Los bancos suspendían temporalmente las operaciones superiores a diez millones de dólares.
Después llegó un tercero.
La emisión de bonos prevista para esa noche quedaba cancelada.
Y un cuarto.
Tres inversionistas internacionales abandonaban inmediatamente la negociación.
Los murmullos invadieron el salón.
La mujer del vestido rojo comenzó a ponerse nerviosa.
—Sebastián… ¿qué está pasando?
Él no respondió.
Marcó desesperadamente el número de Valeria.
Llamó una vez.
Dos veces.
Cinco veces.
Ella no contestó.
Mientras tanto, el automóvil llegó al antiguo despacho de su padre.
Valeria subió lentamente hasta el último piso.
El abogado del fideicomiso ya la esperaba.
Sobre la mesa había varias carpetas selladas.

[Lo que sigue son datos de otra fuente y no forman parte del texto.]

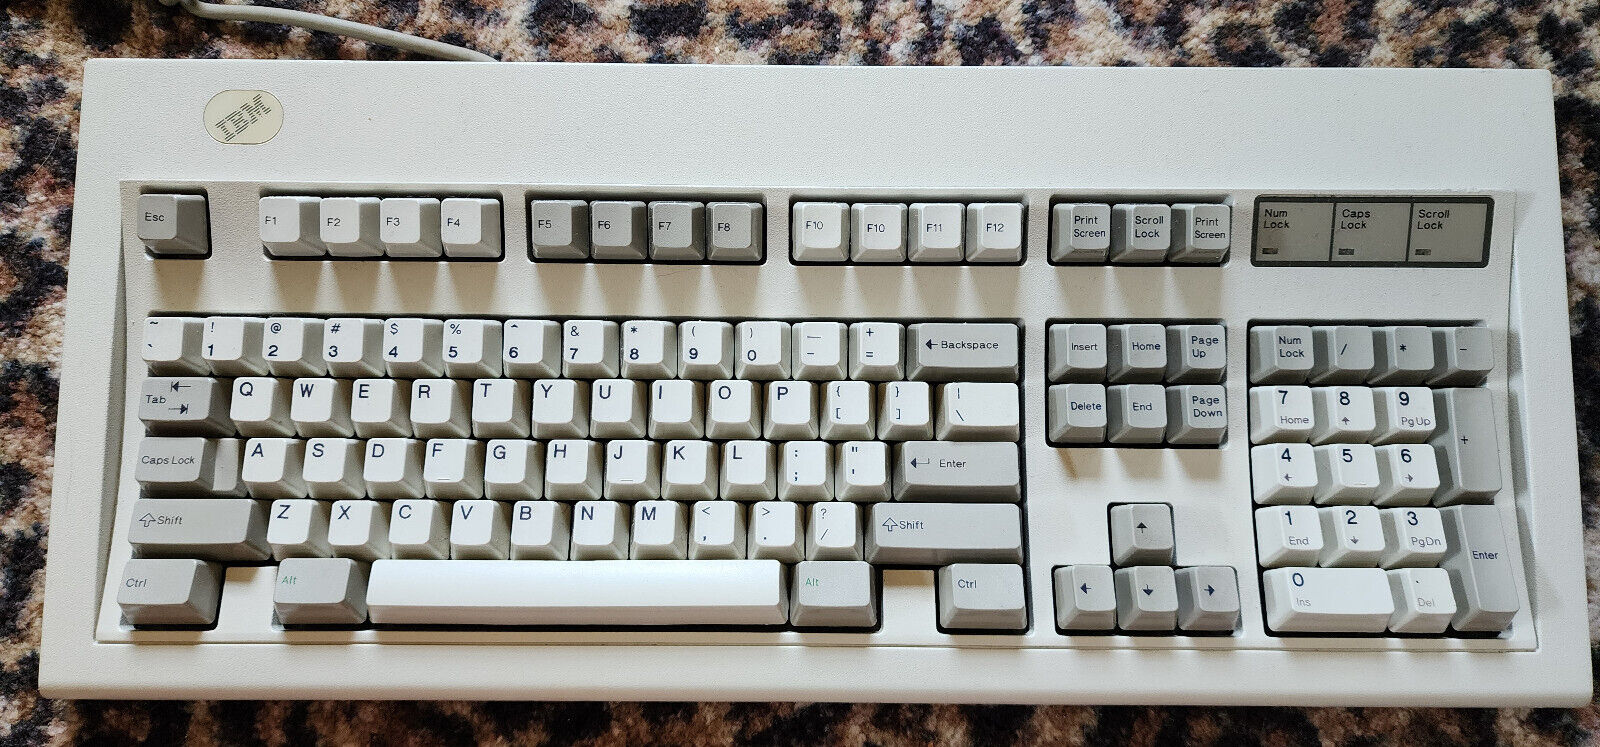 IBM Model M - 1391401 - 01MAR89 - Vintage Mechanical Keyboard - READ DESCRIPTION

—La suspensión ya surtió efecto.
Ningún banco podrá liberar fondos mientras usted no firme la reactivación.
Valeria asintió sin cambiar la expresión.
—¿Cuánto tiempo tienen antes de quedarse sin liquidez?
El abogado consultó los informes.
—Si nadie interviene…
Menos de cuarenta y ocho horas.
En ese momento, una pantalla instalada en la oficina mostró la transmisión en directo de la gala.
Sebastián acababa de bajar del escenario.
Su voz sonaba alterada.
—Ha ocurrido un inconveniente técnico.
Les pido unos minutos.

Pero nadie lo escuchaba ya.
Los periodistas rodeaban al presidente del consejo.
Los inversionistas exigían explicaciones.
La noticia comenzaba a aparecer en todos los portales financieros.
“Grupo Horizonte sufre un inesperado bloqueo financiero durante la ceremonia de nombramiento de su nuevo director general.”
La mujer del vestido rojo dio un paso atrás.
—Tú dijiste que todo era tuyo.
Sebastián permaneció inmóvil.
Por primera vez comprendía que jamás había controlado realmente el imperio que tanto presumía.
Entonces el abogado colocó una última carpeta frente a Valeria.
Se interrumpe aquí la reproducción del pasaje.